I believe that Australia benefited from the deep engagement and trust developed between academics and the Commonwealth over 15 years. The trust lies not just with the advisors, such as me. The trust extends through to a cultivated broader trust in the scientific research performed by others and interpreted and evaluated by those advisors.

And with that, where does mathematical analysis make a difference?

Often, it is in what we (as mathematicians) may perceive as surprisingly simple points.

Epidemic theory describes how a pathogen spreads through the community. Scaling out the average duration of infectiousness, and ignoring some biological subtleties, the rate of change in prevalence I (the proportion of individuals who are Infectious in the population) is described by a non-linear ordinary differential equation:

dI/dt = (R0S − 1)I

where R0 is the ‘basic Reproduction number’, the number of secondary cases arising from a single case in an otherwise fully susceptible population, and S is the proportion of the population that is Susceptible.

With R0 > 1 and S sufficiently large (as it is at the beginning of an epidemic), prevalence (that is, I) grows exponentially and S decreases (as dS/dt = −R0SI).

Eventually, depletion of the susceptible pool (S) modified the dynamics. The resultant non-linear dynamics are what make infectious diseases both mathematically interesting, and conceptually challenging for public health policy makers to respond to.

In early 2020, my team delivered a report to government which explored the possible change in the total number of infections over the course of an epidemic due to various percentage reductions in transmissibility. For our purposes here, this is as simple as considering how the size of an epidemic depends upon R0, although we did not report the analysis in this way to government.

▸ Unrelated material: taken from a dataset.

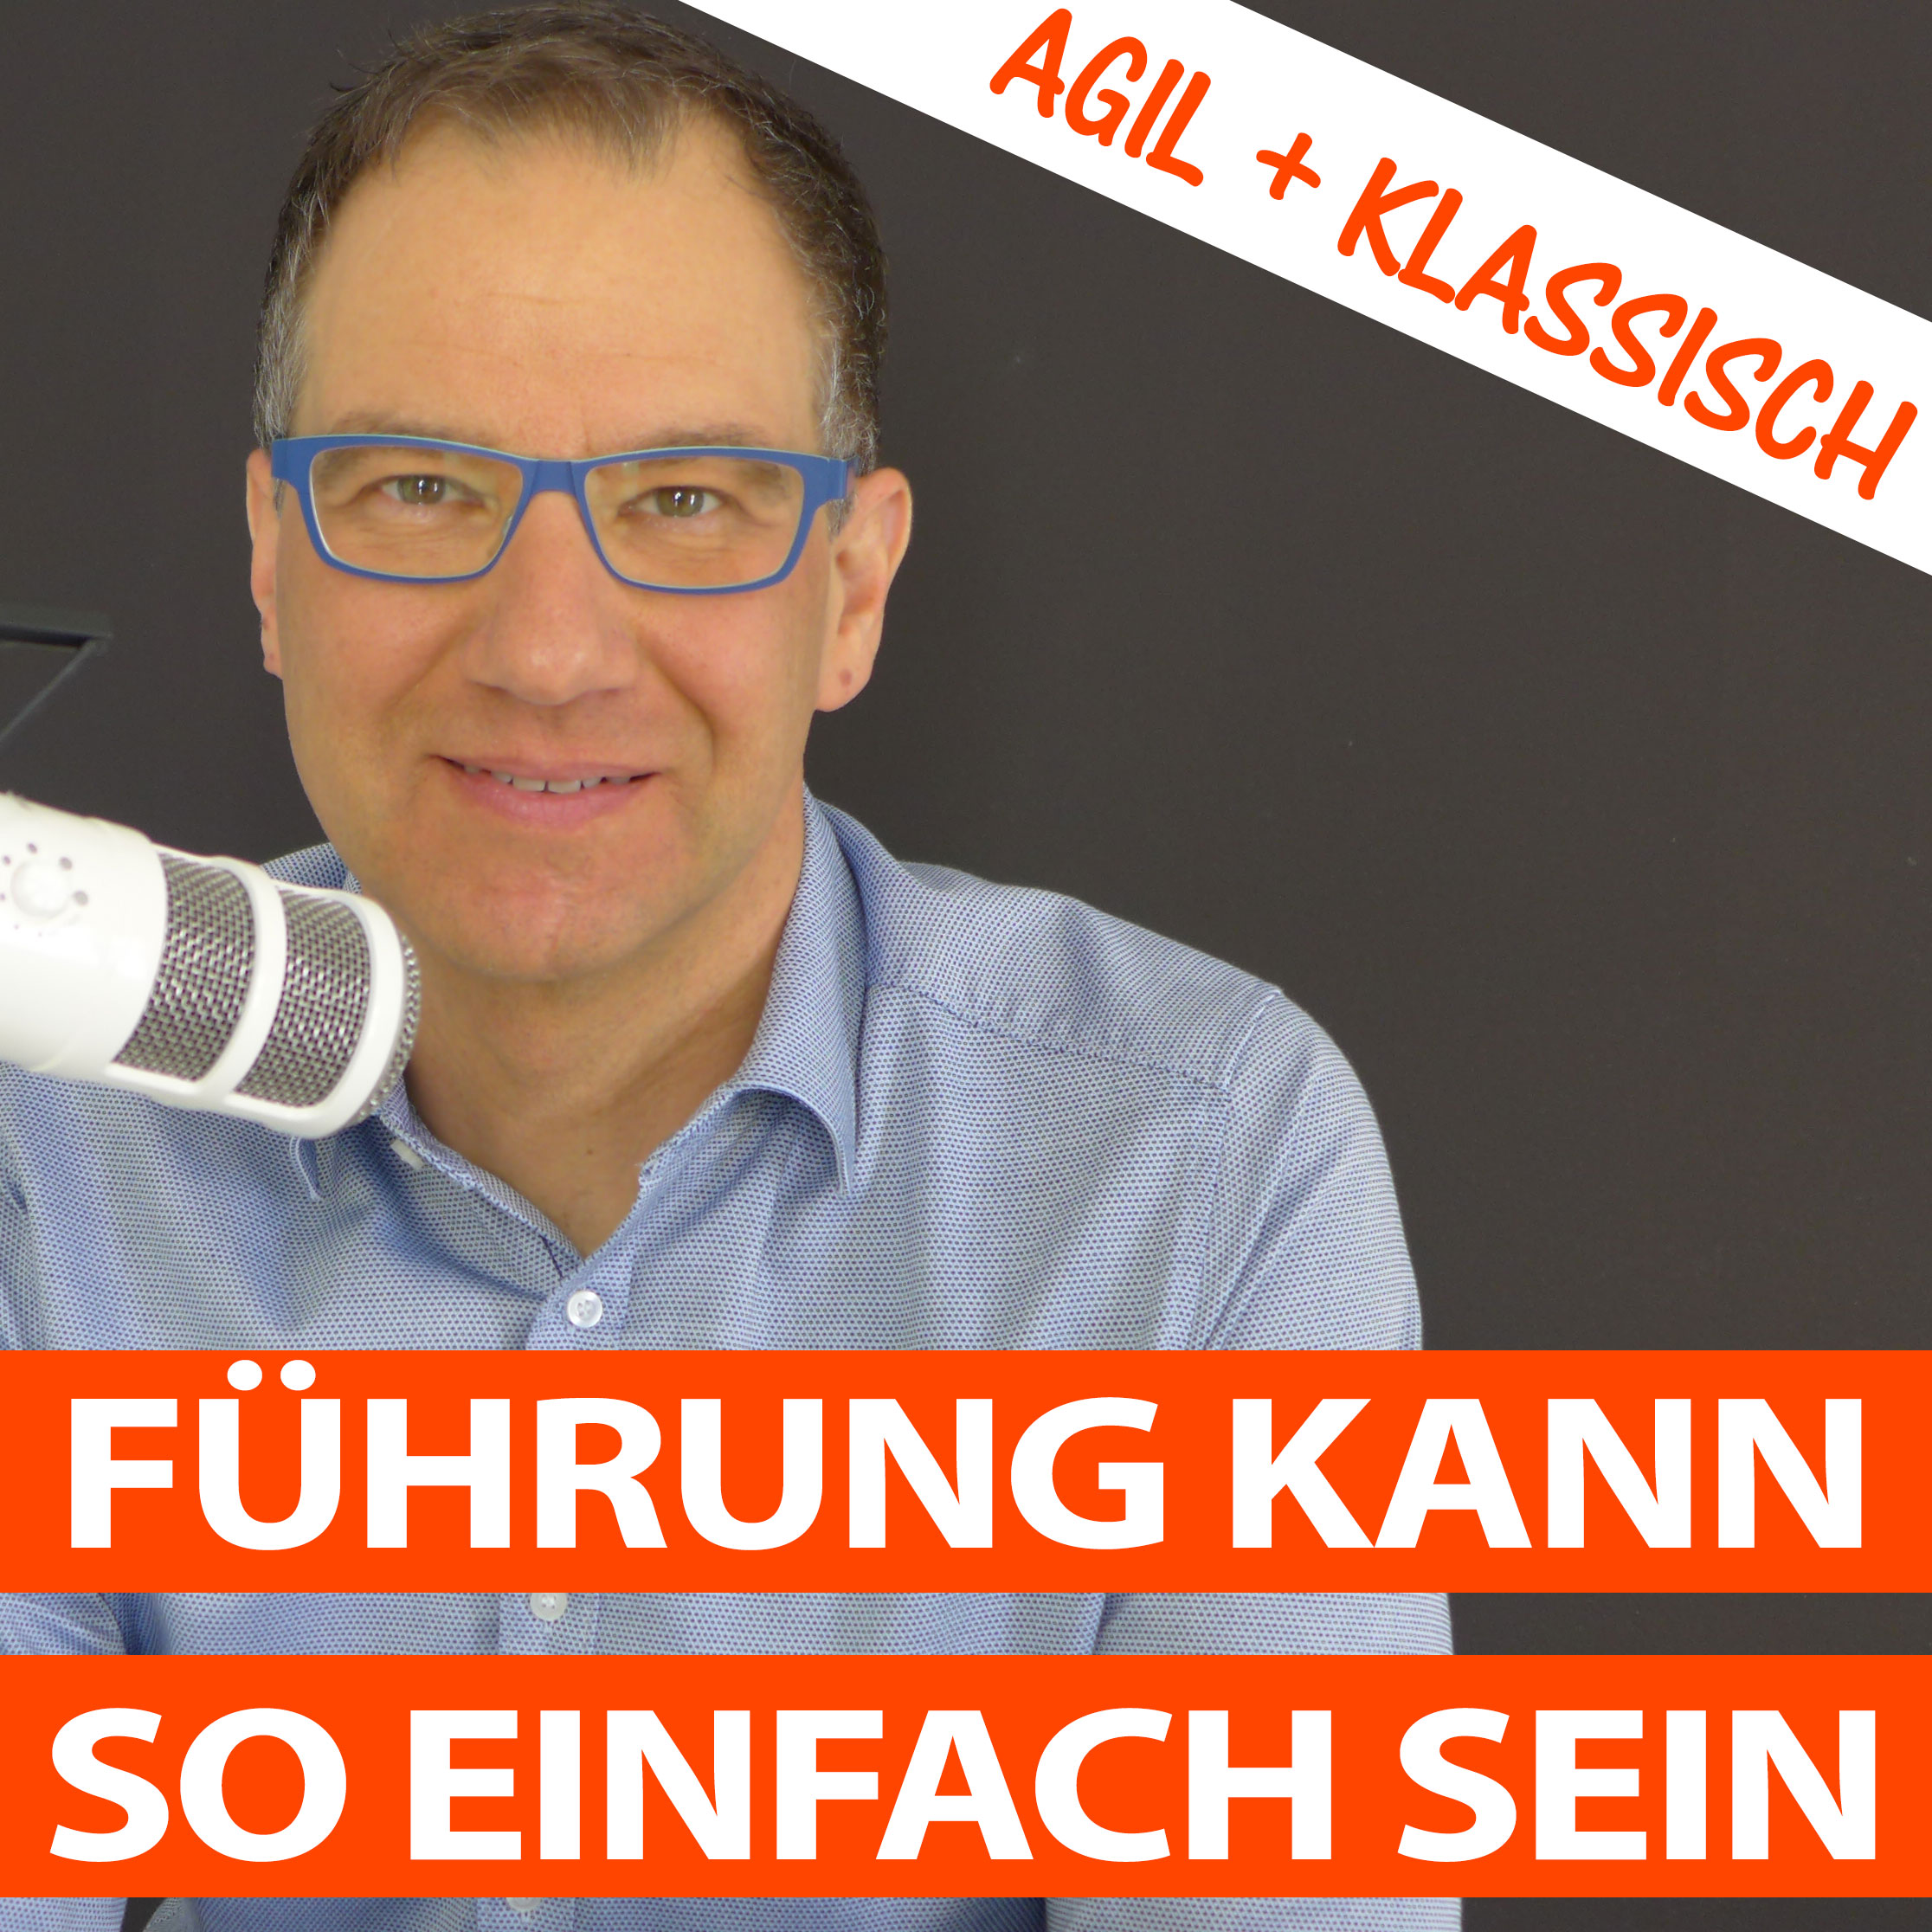 Fuehrung kann so einfach sein Podcast Marketing Club

A textbook analysis yields the ‘final size equation’, which relates R0 to the size (as t→∞) of the epidemic, Z = 1 − S(t→∞):

Z = 1 − eR0 Z

This is a non-linear relationship. By February 2020, we suspected the R0 for COVID-19 was in the range 1.5–3. At the upper end of this range, a 50% reduction (due to say, some level of physical distancing) has an important but fundamentally challenging effect—an epidemic with a modified reproduction number of 3/2 = 1.5 still spreads explosively, resulting in a vast number of infections. But if COVID-19’s reproduction number was at the lower end, a 50% reduction would prevent the virus from spreading entirely as 1.5/2 = 0.75 < 1 and transmission cannot be sustained.

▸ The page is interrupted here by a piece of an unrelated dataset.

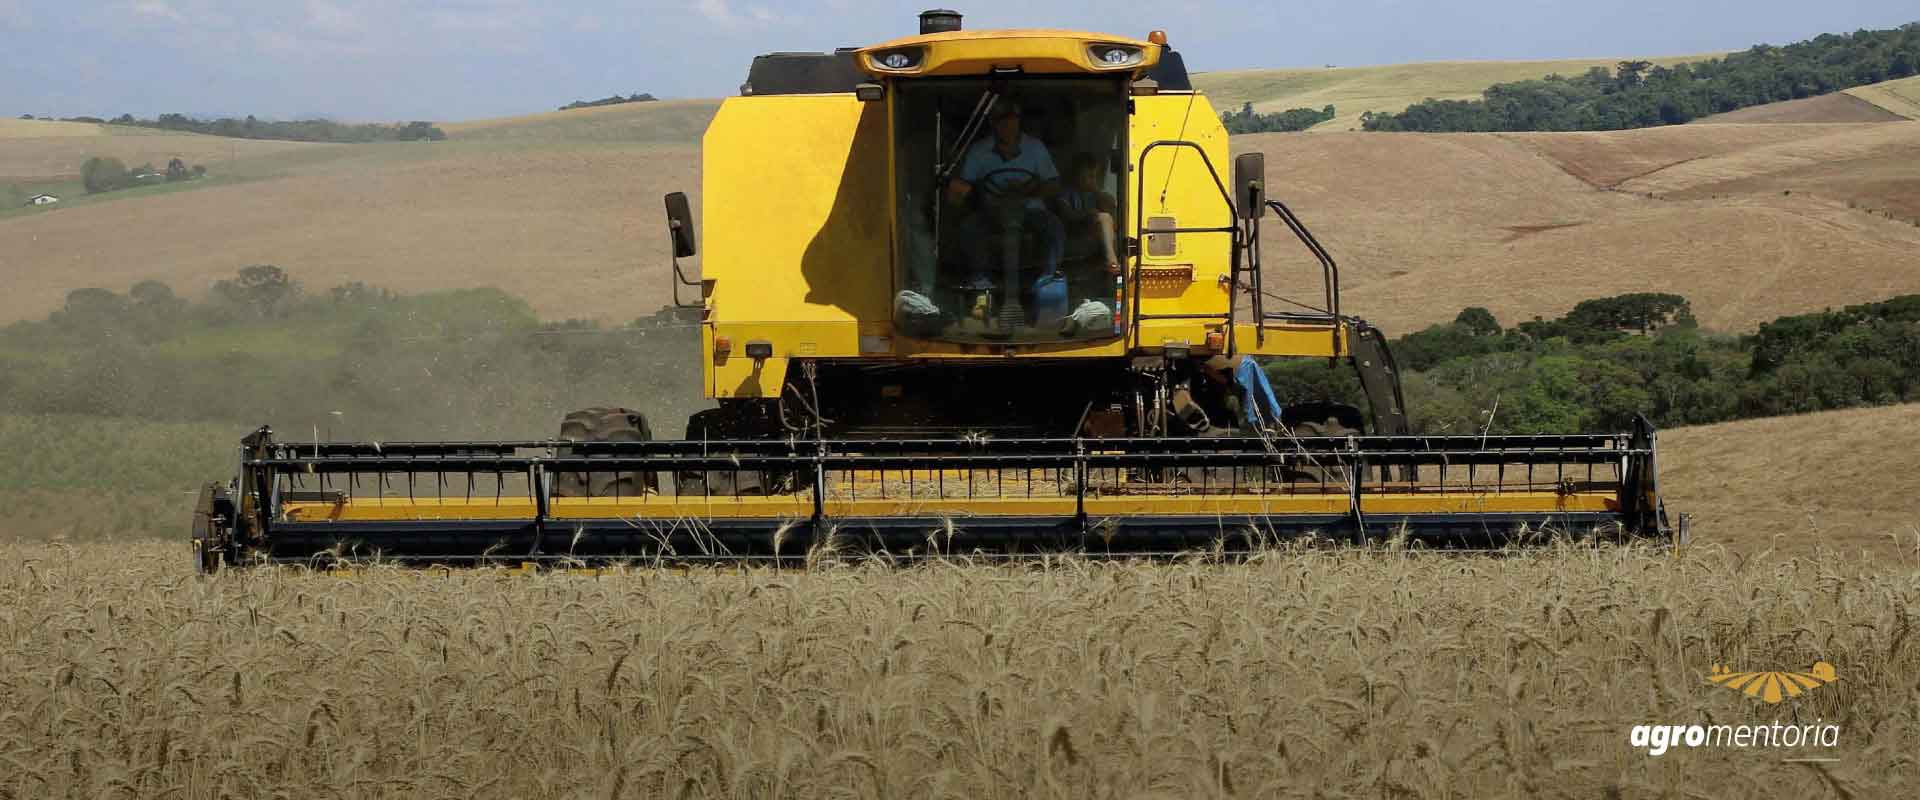 Concorrência com milho pode limitar plantio de trigo no Paraná, diz Deral

Such results are entirely unsurprising to us as mathematicians. We understand the importance of non-linearities and of features such as bifurcations. It is natural for us to view the transmission of an infectious disease as a dynamical system. But these important points are anything but intuitive and easily missed by decision makers.

With trust and open communication channels, important findings, as well as viewing the entire pandemic and our response to it as a dynamical system, proved influential in Australia’s early response.

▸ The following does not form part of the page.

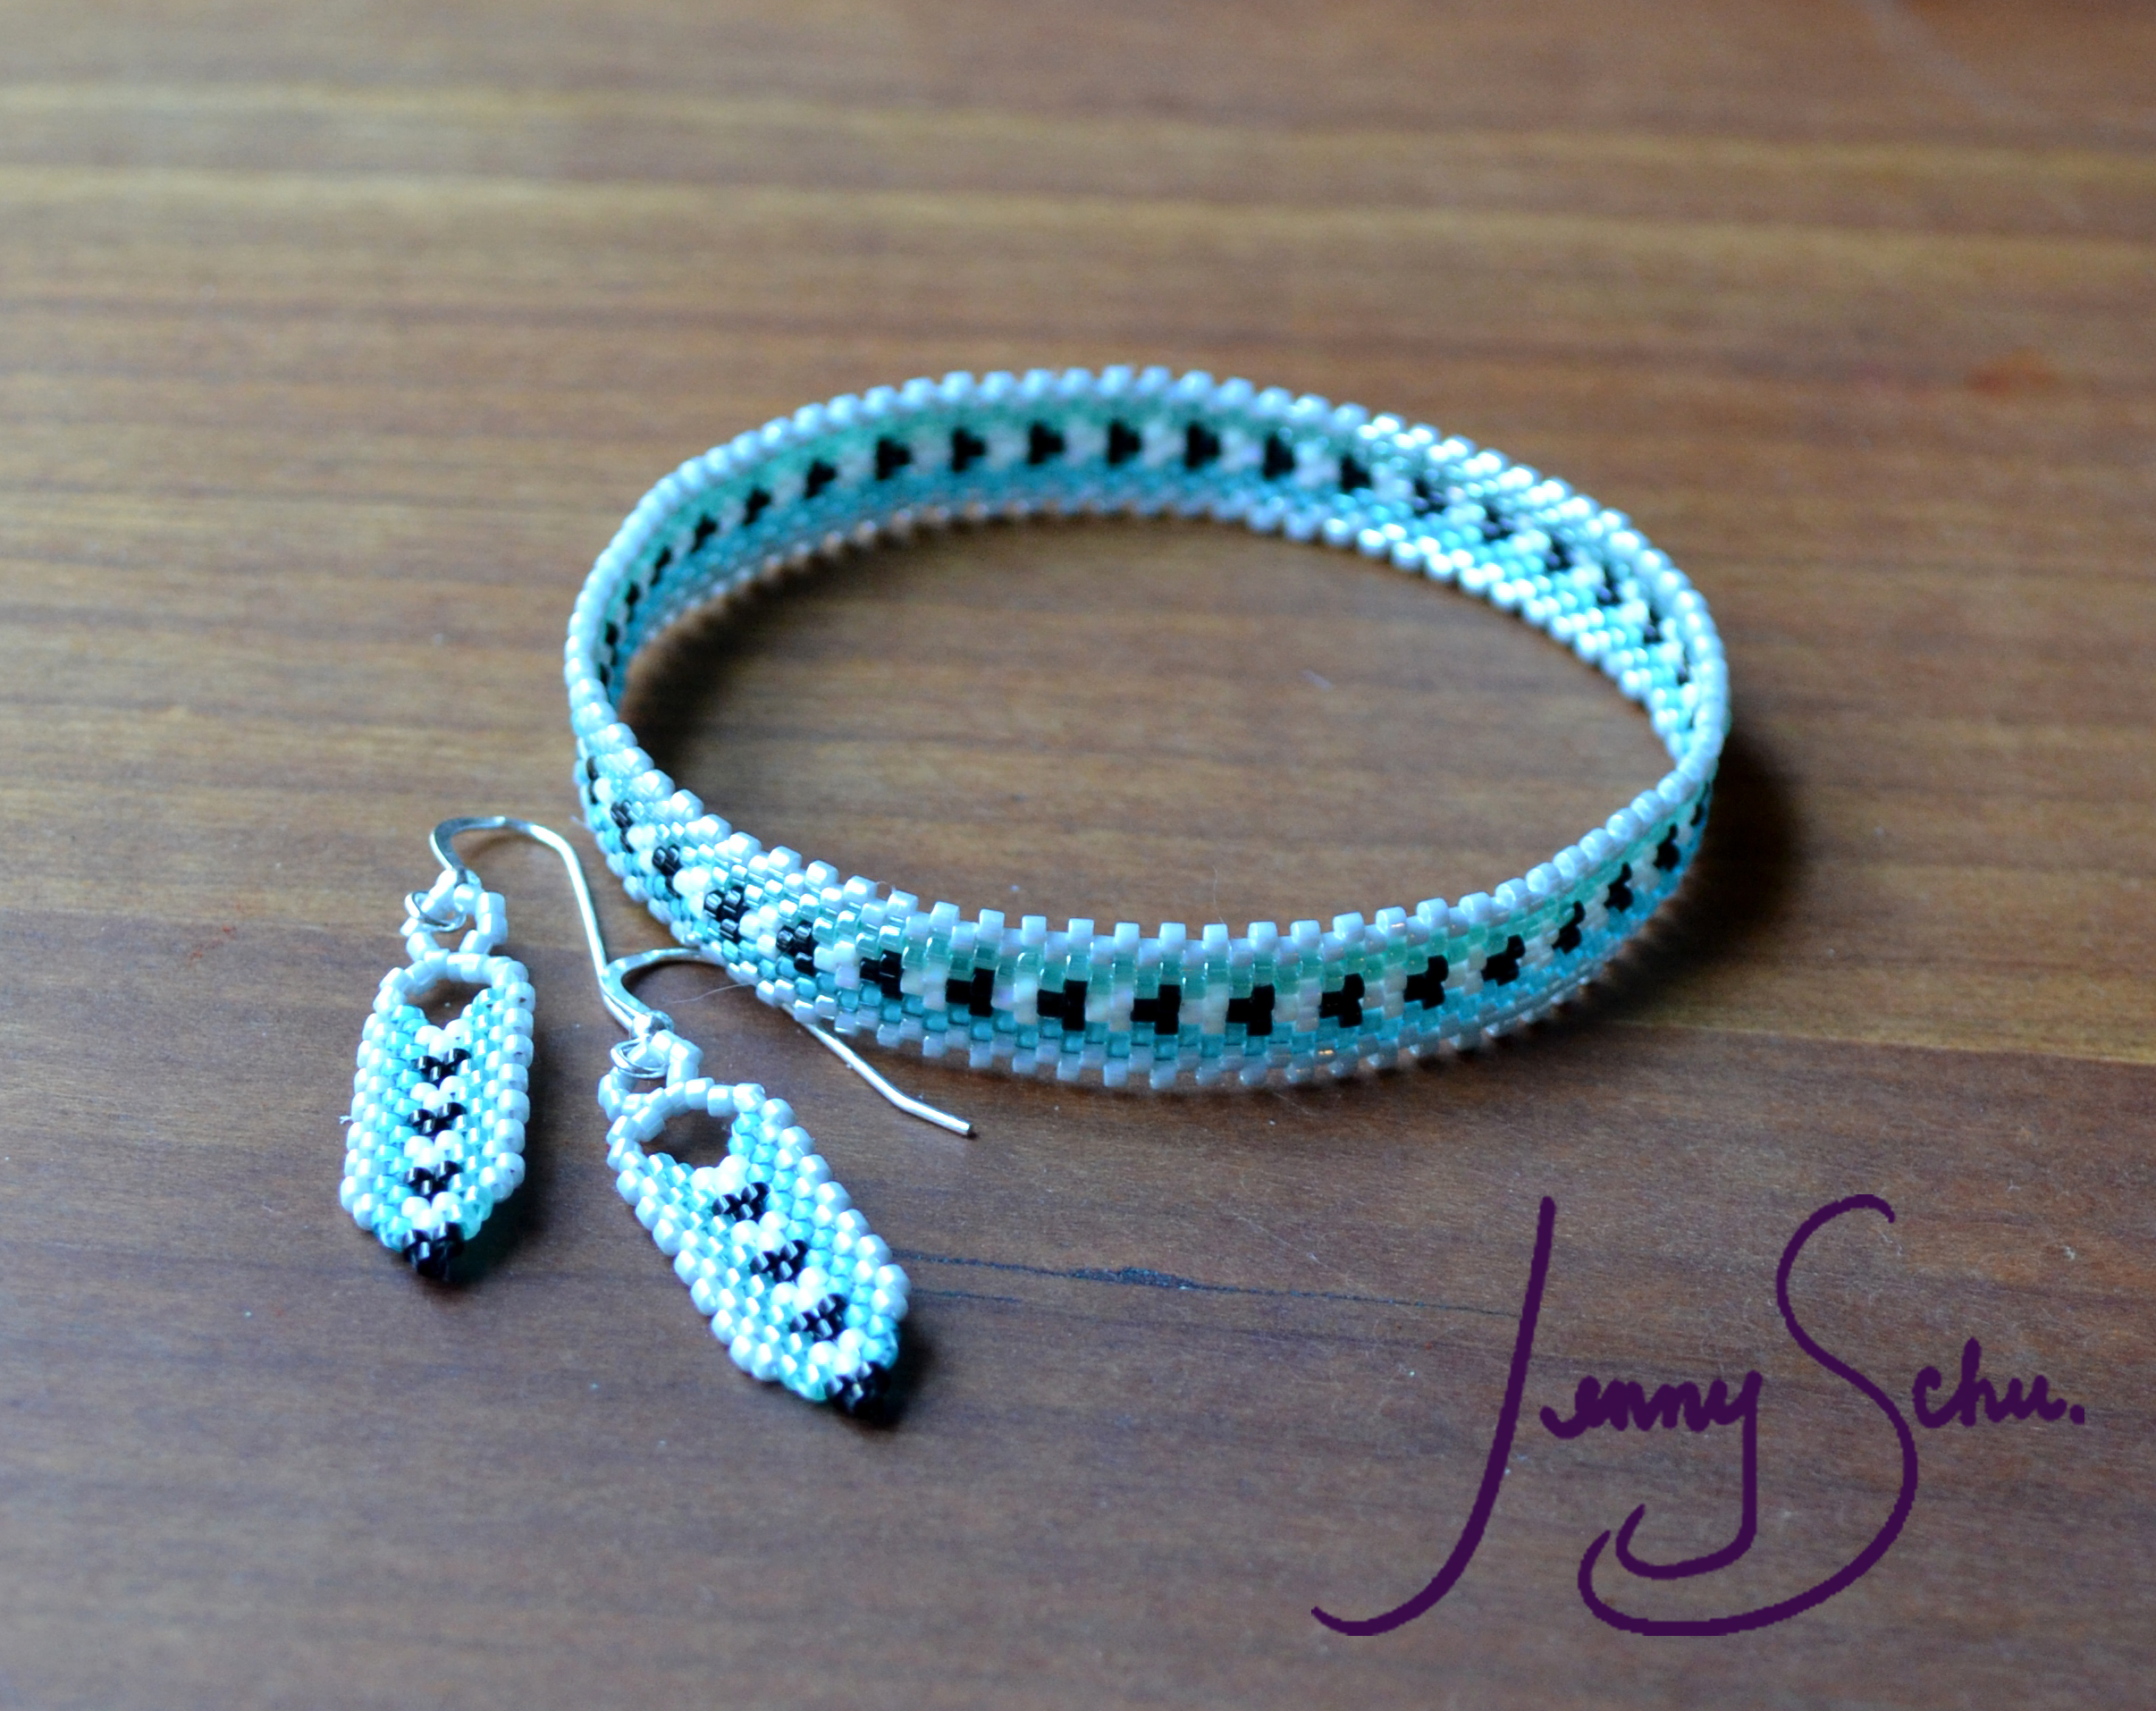 Southwest Stripe Pearl Clasp Bracelet – Jenny Schu

Simple analyses emphasised the value of mathematical reasoning. They highlighted the risks of ‘intuitive linear thinking’ but they also demonstrated how mathematical analysis can overcome that limitation. Models can be used to anticipate or reason on the (positive or negative) impacts of alternative response strategies.

Subsequent scenario analyses (with more ‘realistic’ and nuanced models calibrated to COVID-19 epidemiology) laid the groundwork for our initial response and for the monitoring and evaluation of the ‘effective reproduction number’ of COVID-19 throughout 2020 and into 2021. Collectively, these mathematical capabilities have contributed to the Australian government’s risk-assessment process for managing the pandemic.

National policy guidance relies upon in-depth mathematical modelling and analyses, conducted both in-house, nationally and around the world. But while necessary, the existence of that research is not sufficient to have impact. To have impact, to be effective, also requires relationships, ‘translators’ and, above all, (mutual) trust.